How well behaved is finite dimensional Diffusion Maps?
Wenyu Bo, Marina Meilă
TL;DR
This work analyzes finite-dimensional Diffusion Maps (DM) of a well-behaved family of manifolds embedded in Euclidean space and establishes that DM preserves key geometric properties such as near-uniform density, uniform polynomial reach, and controlled curvature. By leveraging these properties, the authors derive a finite-sample embedding error bound $O\left((\frac{\log n}{n})^{\frac{1}{8d+16}}\right)$ and a tangent-space estimation bound $\sup_{P\in \mathcal{P}} \mathbb{E}_{P^{\otimes \tilde{n}}} \max_{1\le j\le \tilde{n}} \angle\left(T_{Y_{\varphi(M),j}}\varphi(M),\hat{T}_j\right)\le C\left(\frac{\log n}{n}\right)^{\frac{k-1}{(8d+16)k}}$, where $\tilde{n}$ scales judiciously with $n$. The analysis ties together spectral convergence of DM, pushforward density regularity, and geometric quantities like reach and injectivity radius, culminating in a rigorous description of the geometric accuracy of DM embeddings. The results provide a theoretical foundation for reliable DM-based dimensionality reduction and tangent-space estimation in applications, with explicit rates depending on the manifold dimension $d$, smoothness $k$, and sample size $n$. Overall, the paper advances the understanding of DM stability in finite-sample regimes and informs practical choices of embedding dimension and sample allocation.
Abstract
Under a set of assumptions on a family of submanifolds $\subset {\mathbb R}^D$, we derive a series of geometric properties that remain valid after finite-dimensional and almost isometric Diffusion Maps (DM), including almost uniform density, finite polynomial approximation and reach.
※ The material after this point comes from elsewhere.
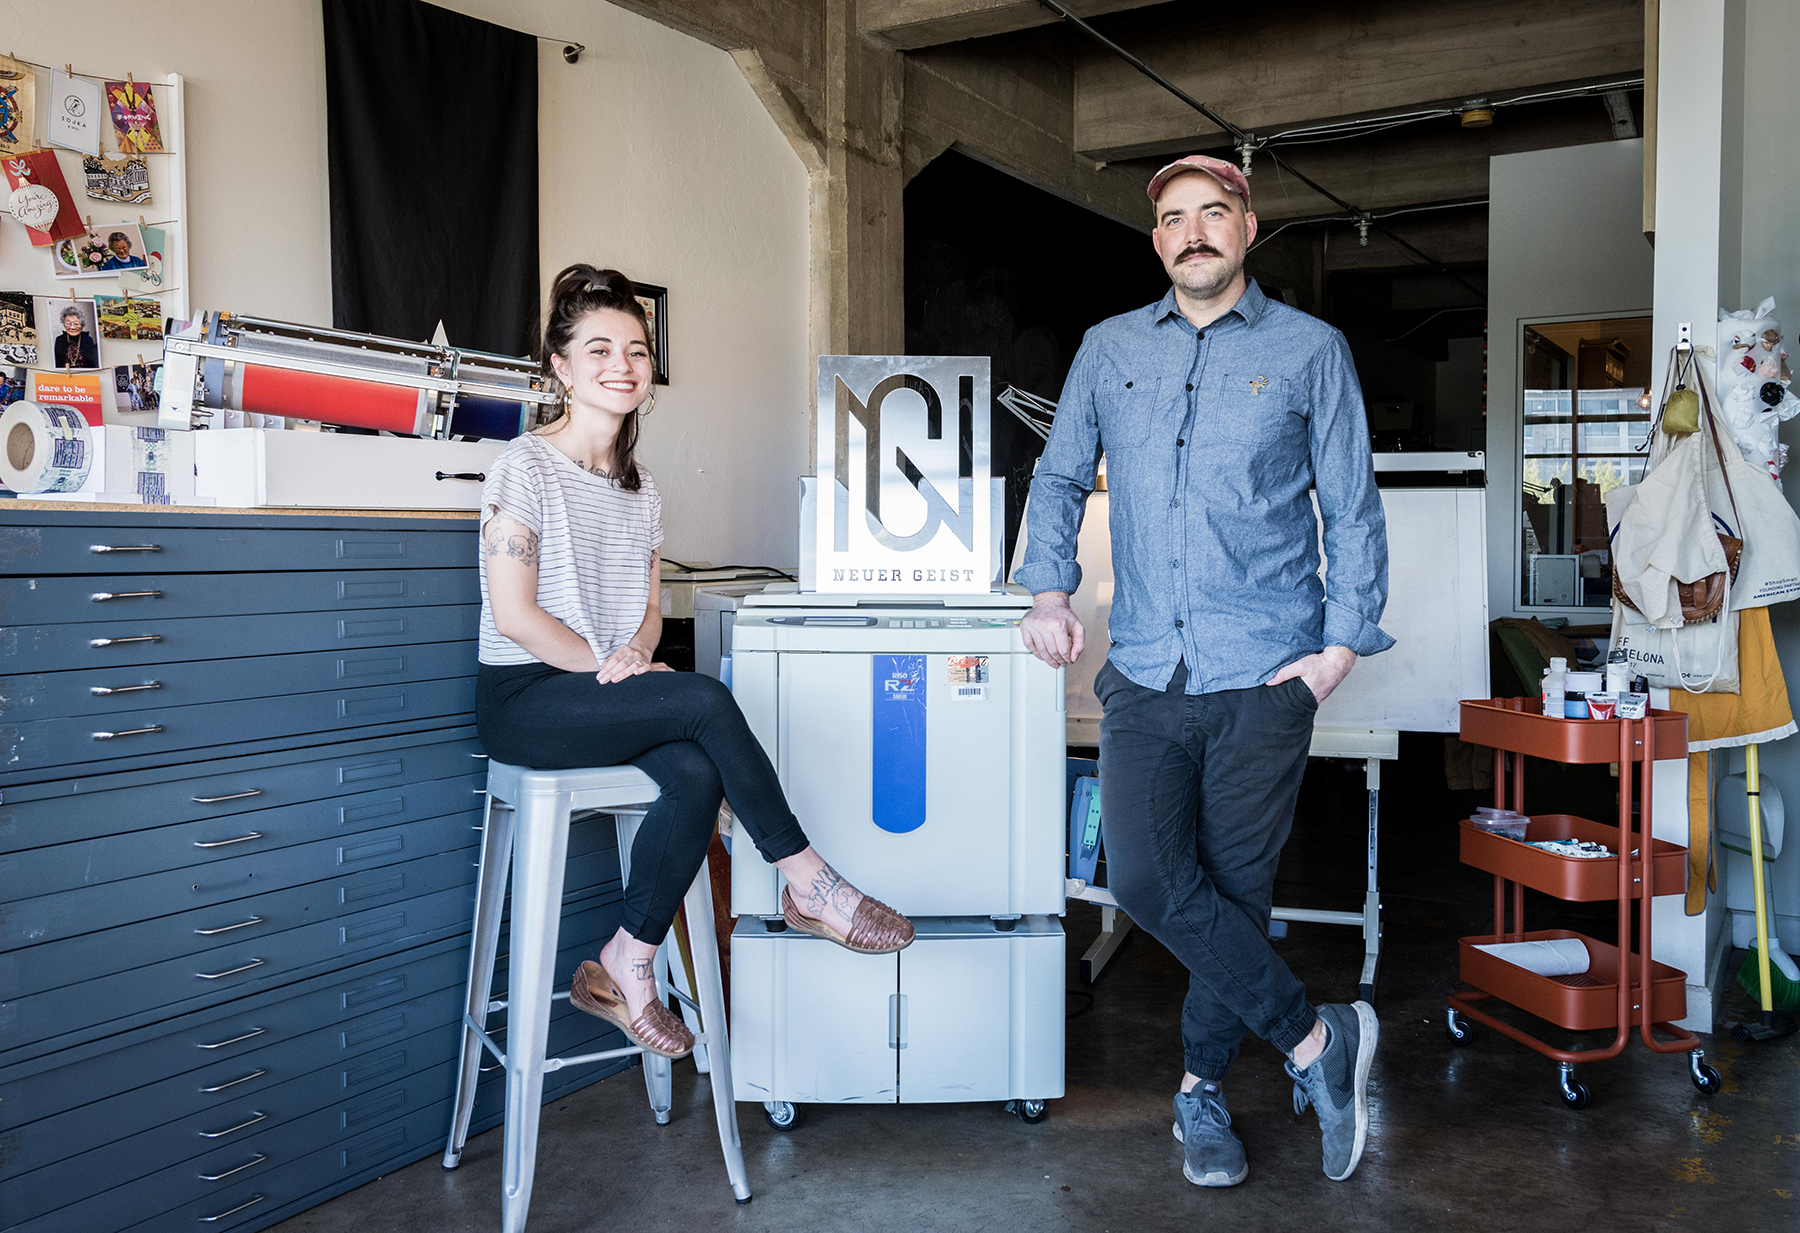 (L–R) Brighton Ballard and Derek Ballard flex their design and branding prowess with their risograph machines.

Leveraging these properties, we establish rigorous bounds on the embedding errors introduced by the DM algorithm is $O\left((\frac{\log n}{n})^{\frac{1}{8d+16}}\right)$. Furthermore, we quantify the error between the estimated tangent spaces and the true tangent spaces over the submanifolds after the DM embedding, $\sup_{P\in \mathcal{P}}\mathbb{E}_{P^{\otimes \tilde{n}}} \max_{1\leq j \angle (T_{Y_{\varphi(M),j}}\varphi(M),\hat{T}_j)\leq \tilde{n}} \leq C \left(\frac{\log n }{n}\right)^\frac{k-1}{(8d+16)k}$, which providing a precise characterization of the geometric accuracy of the embeddings. These results offer a solid theoretical foundation for understanding the performance and reliability of DM in practical applications.